Program in Computational Biology & Bioinformatics, Yale University, New Haven, Connecticut, United States of America.
Department of Molecular Biophysics & Biochemistry, Yale University, New Haven, Connecticut, United States of America.
PLoS Comput Biol. 2023 Jul 6;19(7):e1011222. doi: 10.1371/journal.pcbi.1011222. eCollection 2023 Jul.
The COVID-19 pandemic caused by the SARS-CoV-2 virus has resulted in millions of deaths worldwide. The disease presents with various manifestations that can vary in severity and long-term outcomes. Previous efforts have contributed to the development of effective strategies for treatment and prevention by uncovering the mechanism of viral infection. We now know all the direct protein-protein interactions that occur during the lifecycle of SARS-CoV-2 infection, but it is critical to move beyond these known interactions to a comprehensive understanding of the "full interactome" of SARS-CoV-2 infection, which incorporates human microRNAs (miRNAs), additional human protein-coding genes, and exogenous microbes. Potentially, this will help in developing new drugs to treat COVID-19, differentiating the nuances of long COVID, and identifying histopathological signatures in SARS-CoV-2-infected organs. To construct the full interactome, we developed a statistical modeling approach called MLCrosstalk (multiple-layer crosstalk) based on latent Dirichlet allocation. MLCrosstalk integrates data from multiple sources, including microbes, human protein-coding genes, miRNAs, and human protein-protein interactions. It constructs "topics" that group SARS-CoV-2 with genes and microbes based on similar patterns of co-occurrence across patient samples. We use these topics to infer linkages between SARS-CoV-2 and protein-coding genes, miRNAs, and microbes. We then refine these initial linkages using network propagation to contextualize them within a larger framework of network and pathway structures. Using MLCrosstalk, we identified genes in the IL1-processing and VEGFA-VEGFR2 pathways that are linked to SARS-CoV-2. We also found that Rothia mucilaginosa and Prevotella melaninogenica are positively and negatively correlated with SARS-CoV-2 abundance, a finding corroborated by analysis of single-cell sequencing data.

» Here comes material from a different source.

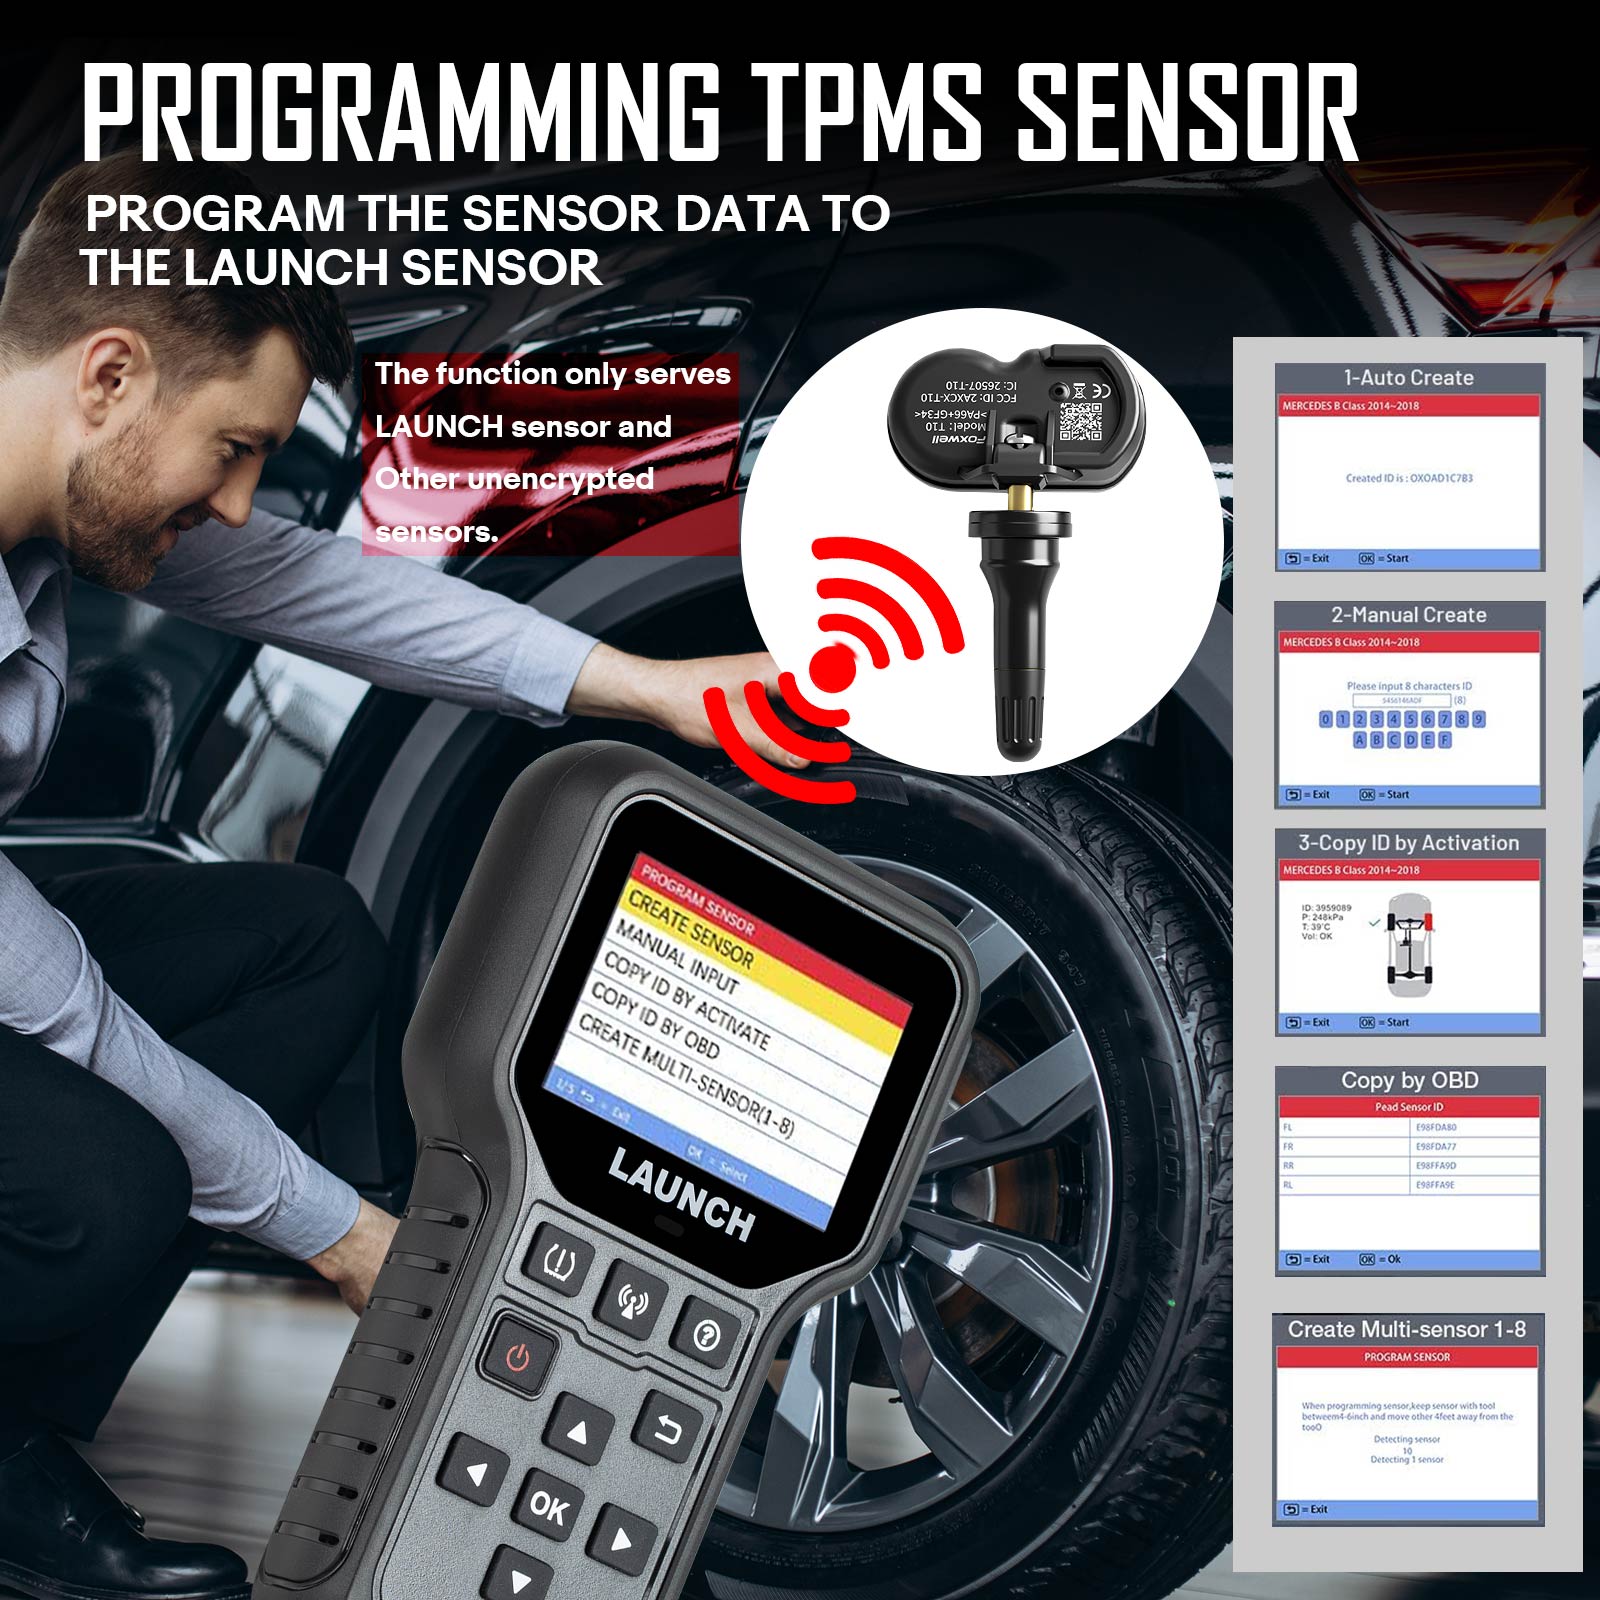 launch crt5011e can program LAUNCH LTR-01 Sensor & Other Unencrypted Sensors

由 SARS-CoV-2 病毒引起的 COVID-19 大流行已在全球范围内导致数百万人死亡。该疾病表现出多种症状,其严重程度和长期结果各不相同。先前的研究通过揭示病毒感染的机制,为治疗和预防策略的制定做出了贡献。我们现在已经了解了 SARS-CoV-2 感染过程中所有直接的蛋白-蛋白相互作用,但关键是要超越这些已知的相互作用,全面了解 SARS-CoV-2 感染的“全互作组”,其中包括人类 microRNA(miRNA)、其他人类蛋白编码基因和外源性微生物。这可能有助于开发治疗 COVID-19 的新药,区分长 COVID 的细微差别,并确定 SARS-CoV-2 感染器官的组织病理学特征。为了构建全互作组,我们开发了一种称为 MLCrosstalk(多层串扰)的统计建模方法,该方法基于潜在狄利克雷分配。MLCrosstalk 整合了来自多个来源的数据,包括微生物、人类蛋白编码基因、miRNA 和人类蛋白-蛋白相互作用。它根据患者样本中相似的共现模式,将 SARS-CoV-2 与基因和微生物分组为“主题”。我们使用这些主题来推断 SARS-CoV-2 与蛋白编码基因、miRNA 和微生物之间的联系。然后,我们使用网络传播来精炼这些初始联系,将它们置于更大的网络和途径结构框架内。使用 MLCrosstalk,我们确定了与 SARS-CoV-2 相关的 IL1 处理和 VEGFA-VEGFR2 途径中的基因。我们还发现 Rothia mucilaginosa 和 Prevotella melaninogenica 与 SARS-CoV-2 丰度呈正相关和负相关,单细胞测序数据分析证实了这一发现。